[PATCH 1/2] numa: Track last pid accessing a page.

From: Srikar Dronamraju
Date: Wed May 01 2013 - 13:57:40 EST


From: Srikar Dronamraju <srikar@xxxxxxxxxxxxxxxxxx>
Date: Tue, 30 Apr 2013 01:18:08 -0500
Subject: [PATCH 1/2] numa: Track last pid accessing a page.

This change is mostly extracted from ff2a9f9: numa, mm, sched: Implement
last-CPU+PID hash tracking from tip/numa/core.

We rely on the page::last_nid field (embedded in remaining bits of the
page flags field), to drive NUMA placement: the last_nid gives us
information about which tasks access memory on what node.

Lets consider a page is mostly a private page i.e accessed mostly by
one task. If such a task is being moved to a different node, then move
the page on the first access from the new node.

The cost is 8 more bits used from the page flags - this space
is still available on 64-bit systems.

There is the potential of false sharing if the PIDs of two tasks
are equal modulo 256 - this degrades the statistics somewhat but
does not completely eliminate it. Related tasks are typically
launched close to each other.

Cc: Peter Zijlstra <a.p.zijlstra@xxxxxxxxx>
Cc: Andrea Arcangeli <aarcange@xxxxxxxxxx>
Cc: Rik van Riel <riel@xxxxxxxxxx>
Cc: Mel Gorman <mgorman@xxxxxxx>
Originally-from: Ingo Molnar <mingo@xxxxxxxxxx>
Signed-off-by: Srikar Dronamraju <srikar@xxxxxxxxxxxxxxxxxx>
---
include/linux/mm.h | 72 ++++++++++++++++++++++++-------------
include/linux/mm_types.h | 4 +-
include/linux/page-flags-layout.h | 25 ++++++++-----
mm/huge_memory.c | 2 +-
mm/memory.c | 4 +-
mm/mempolicy.c | 20 ++++++++---
mm/migrate.c | 4 +-
mm/mm_init.c | 10 +++---
mm/mmzone.c | 14 ++++----
mm/page_alloc.c | 4 +-
10 files changed, 99 insertions(+), 60 deletions(-)

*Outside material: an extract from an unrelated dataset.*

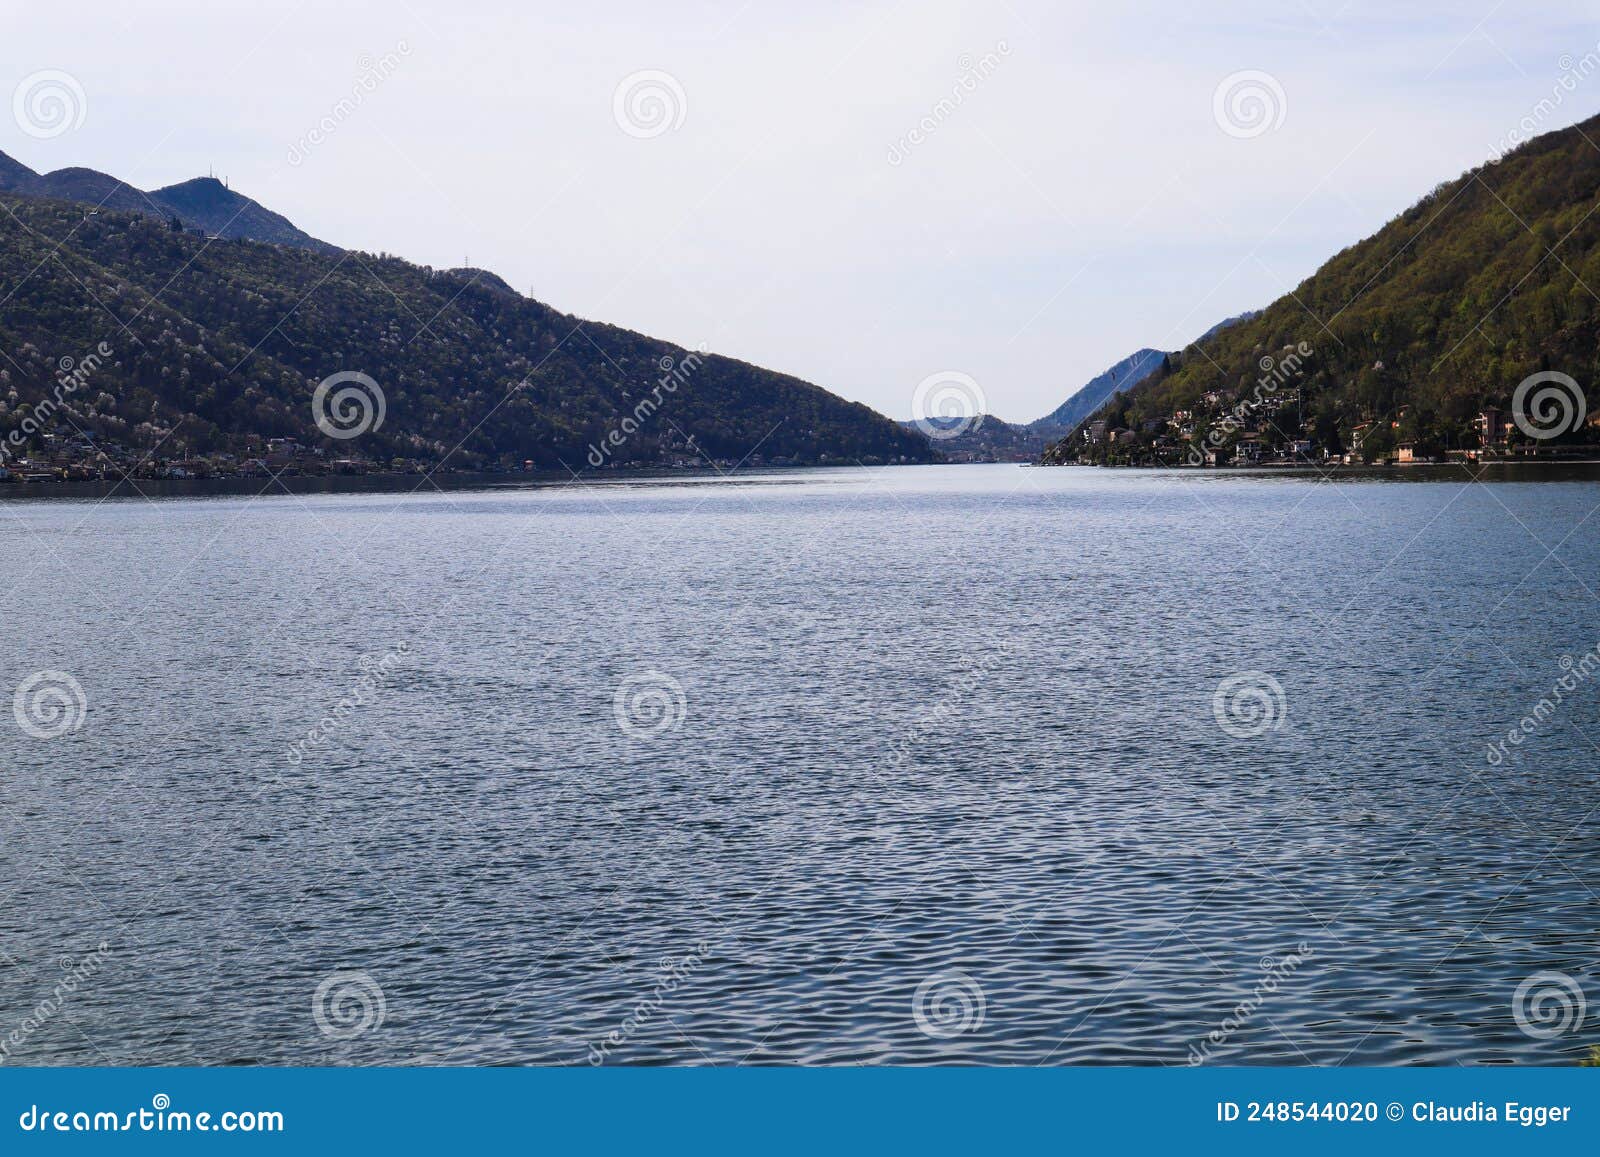 view to the lago lugano from melide, ticino, switzerland

diff --git a/include/linux/mm.h b/include/linux/mm.h
index e2091b8..2e3a3db 100644
--- a/include/linux/mm.h
+++ b/include/linux/mm.h
@@ -582,11 +582,11 @@ static inline pte_t maybe_mkwrite(pte_t pte, struct vm_area_struct *vma)
* sets it, so none of the operations on it need to be atomic.
*/

-/* Page flags: | [SECTION] | [NODE] | ZONE | [LAST_NID] | ... | FLAGS | */
+/* Page flags: | [SECTION] | [NODE] | ZONE | [LAST_NIDPID] | ... | FLAGS | */
#define SECTIONS_PGOFF ((sizeof(unsigned long)*8) - SECTIONS_WIDTH)
#define NODES_PGOFF (SECTIONS_PGOFF - NODES_WIDTH)
#define ZONES_PGOFF (NODES_PGOFF - ZONES_WIDTH)
-#define LAST_NID_PGOFF (ZONES_PGOFF - LAST_NID_WIDTH)
+#define LAST_NIDPID_PGOFF (ZONES_PGOFF - LAST_NIDPID_WIDTH)

/*
* Define the bit shifts to access each section. For non-existent
@@ -596,7 +596,7 @@ static inline pte_t maybe_mkwrite(pte_t pte, struct vm_area_struct *vma)
#define SECTIONS_PGSHIFT (SECTIONS_PGOFF * (SECTIONS_WIDTH != 0))
#define NODES_PGSHIFT (NODES_PGOFF * (NODES_WIDTH != 0))
#define ZONES_PGSHIFT (ZONES_PGOFF * (ZONES_WIDTH != 0))
-#define LAST_NID_PGSHIFT (LAST_NID_PGOFF * (LAST_NID_WIDTH != 0))
+#define LAST_NIDPID_PGSHIFT (LAST_NIDPID_PGOFF * (LAST_NIDPID_WIDTH != 0))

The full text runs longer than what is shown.